**Work request**
Reproduce, word for word, the lines in the material below starting with the one that has "TikTok for Tourism Marketing" and going on through the one that has "Neist Point est". Leave out all pictures.

**Records to process**
━━━━

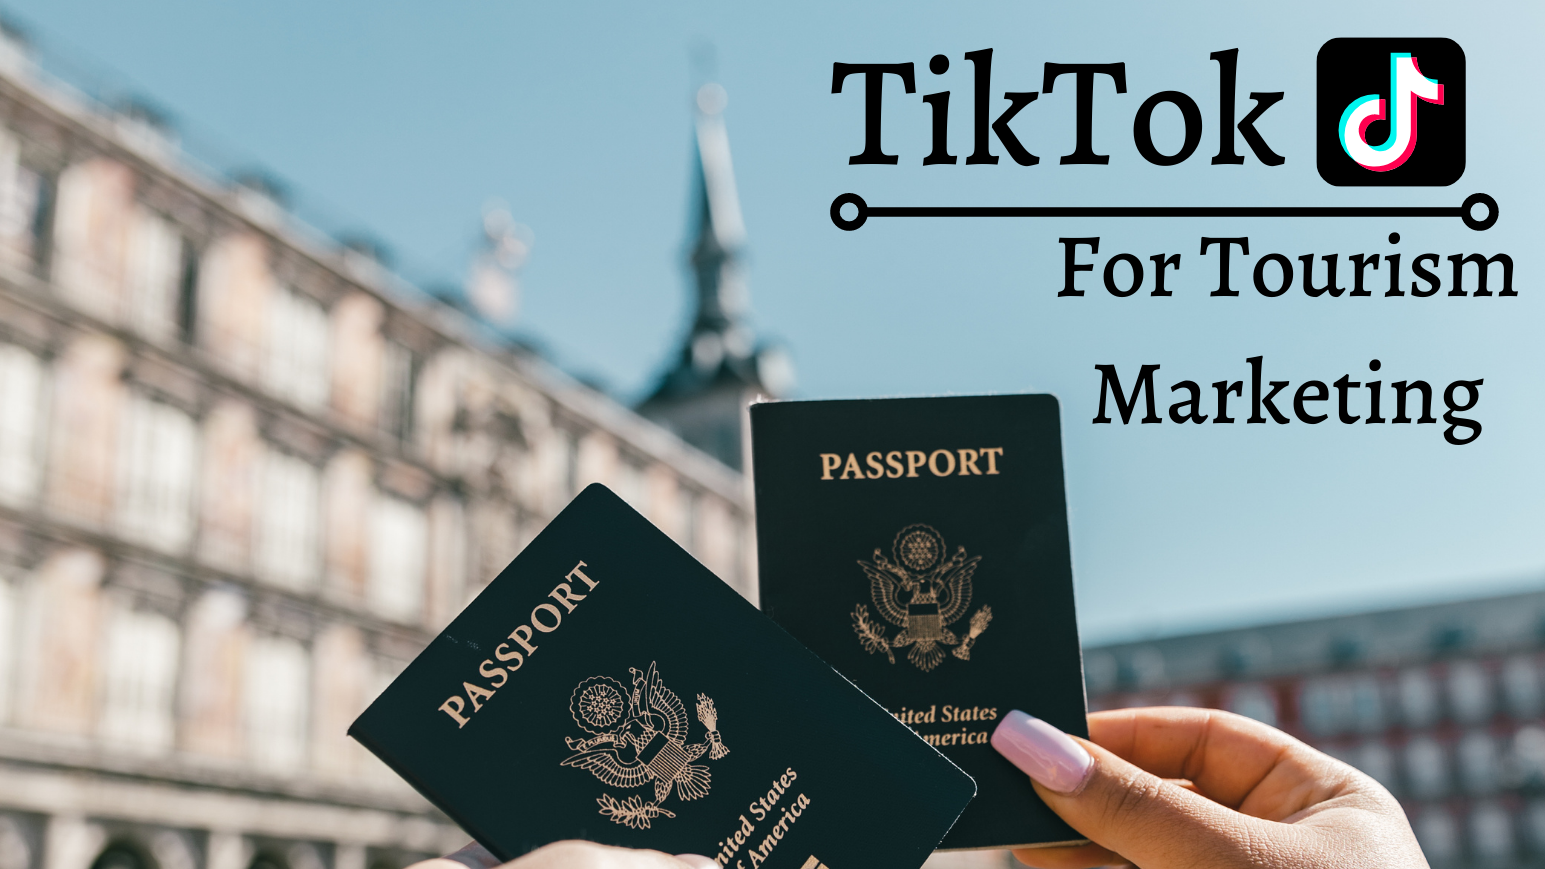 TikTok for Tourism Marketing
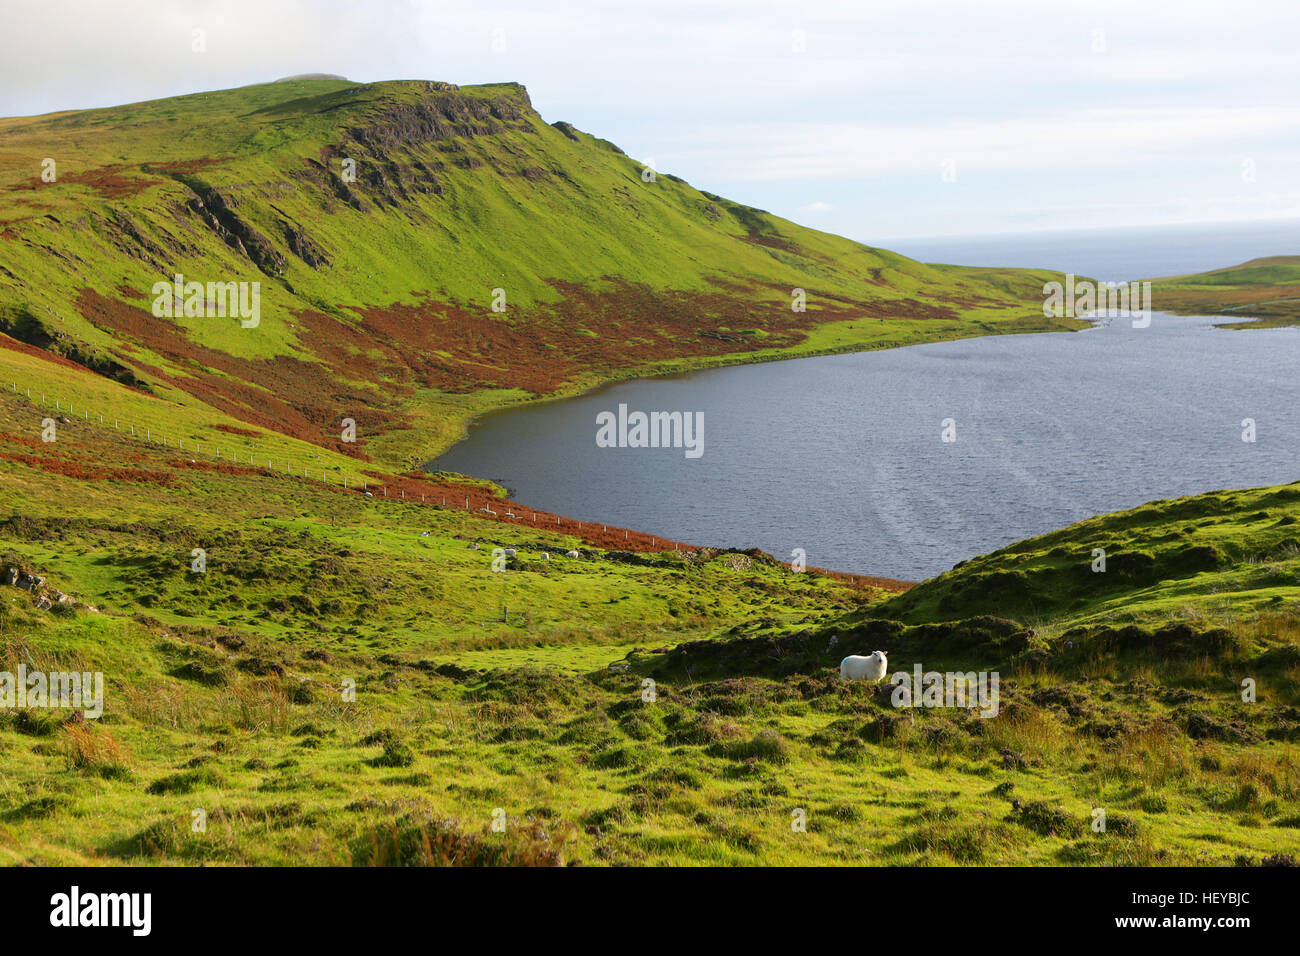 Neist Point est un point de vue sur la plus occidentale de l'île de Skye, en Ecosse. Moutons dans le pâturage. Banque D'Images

━━━━

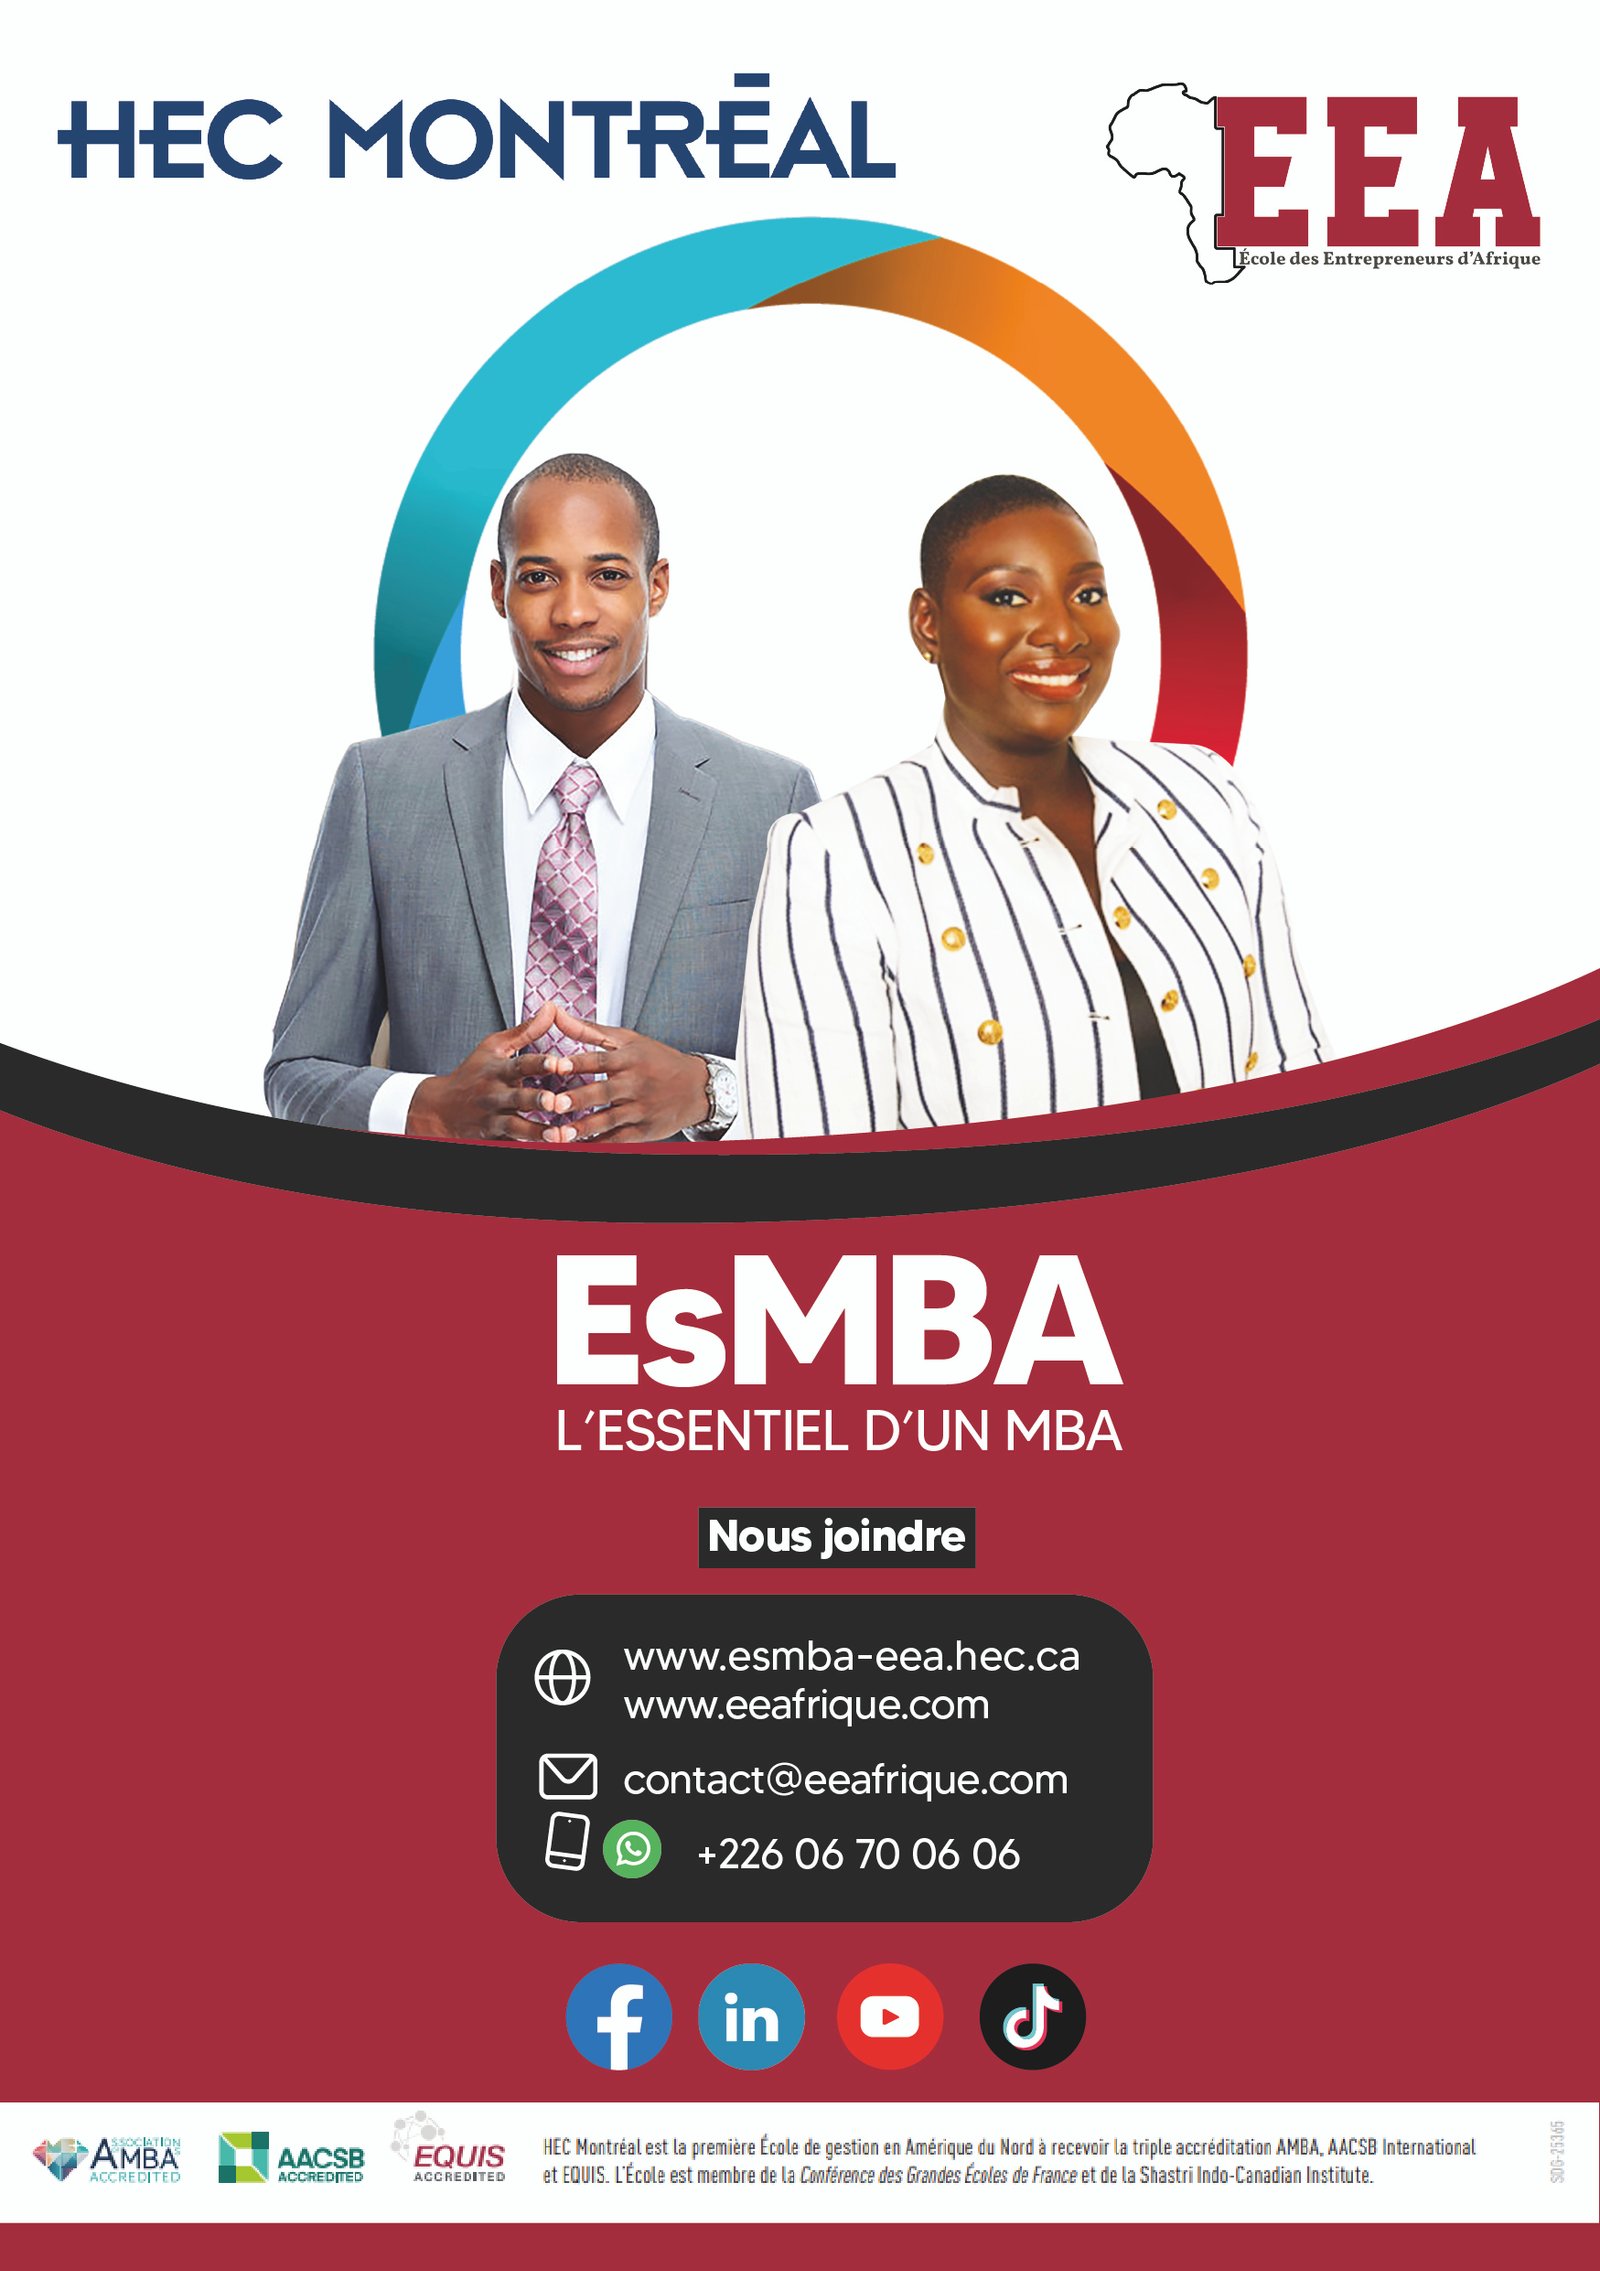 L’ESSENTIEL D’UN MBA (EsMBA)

━━━━

**Task result**
 TikTok for Tourism Marketing
 Neist Point est un point de vue sur la plus occidentale de l'île de Skye, en Ecosse. Moutons dans le pâturage. Banque D'Images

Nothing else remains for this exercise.